▶ _Work order_
Only the lines from the one containing "Cherry blossom clipart black and white." through the one containing "Town And Country" should be printed, exactly as they appear below, with both ends included.

▶ _Raw data_
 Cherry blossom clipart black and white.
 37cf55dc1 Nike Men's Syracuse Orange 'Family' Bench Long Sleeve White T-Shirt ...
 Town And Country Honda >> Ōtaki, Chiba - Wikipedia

* * *

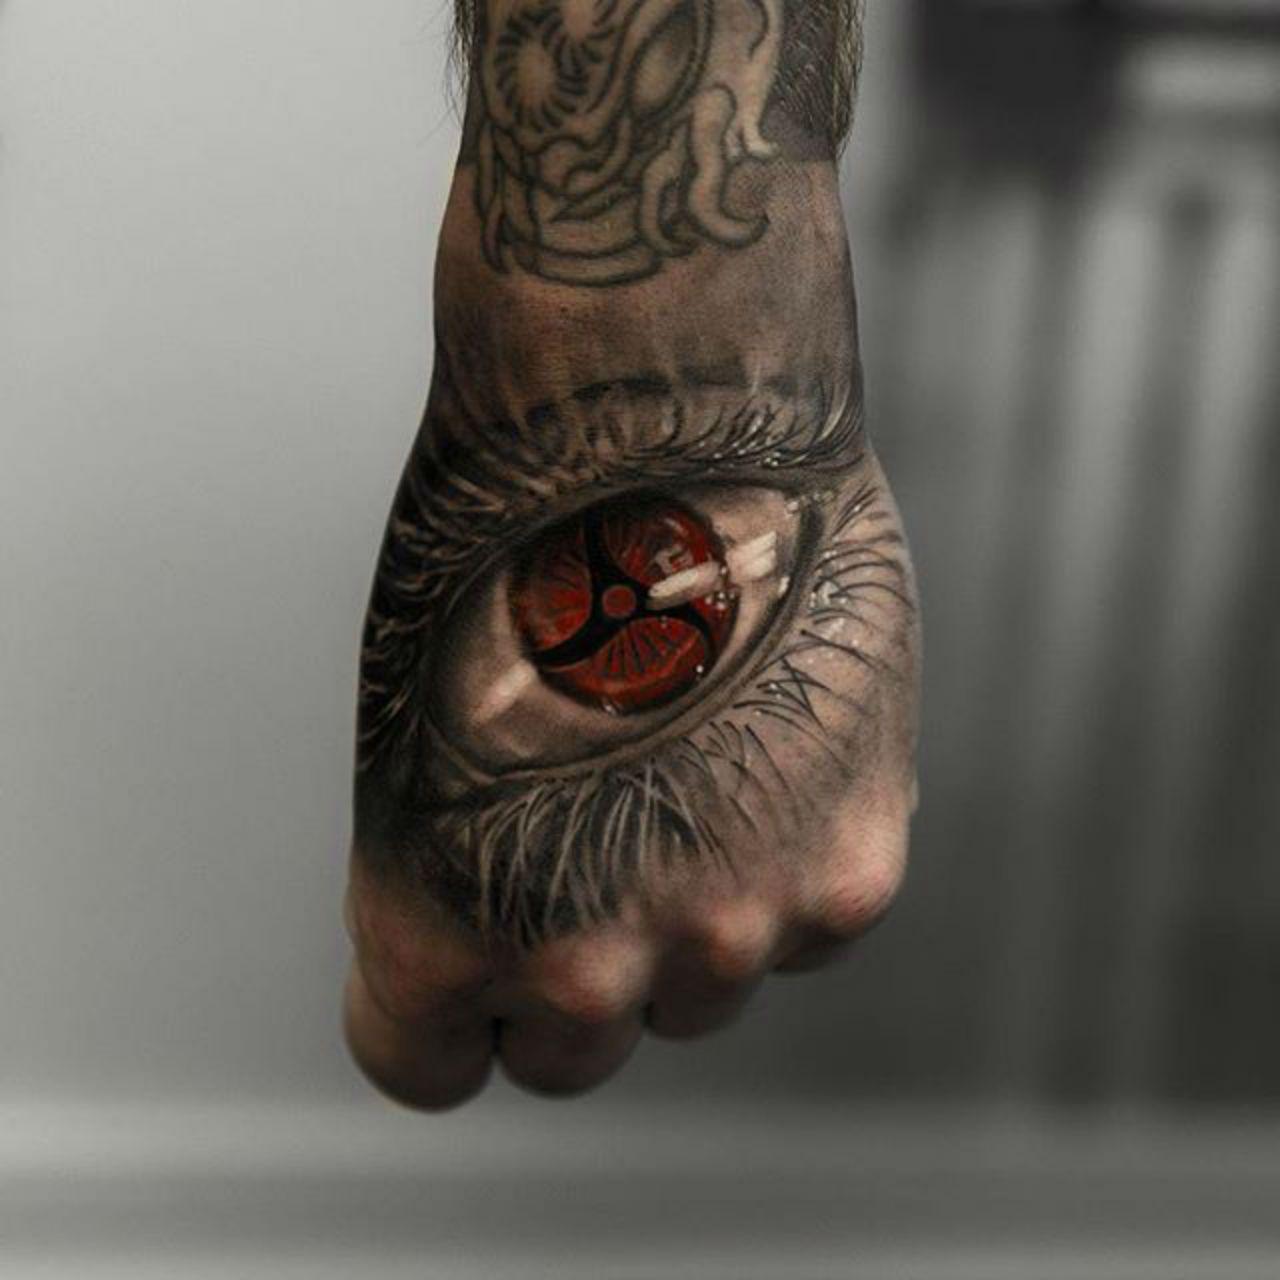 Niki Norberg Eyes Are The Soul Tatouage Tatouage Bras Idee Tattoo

▶ _Answer to this task_
 Cherry blossom clipart black and white.
 37cf55dc1 Nike Men's Syracuse Orange 'Family' Bench Long Sleeve White T-Shirt ...
 Town And Country Honda >> Ōtaki, Chiba - Wikipedia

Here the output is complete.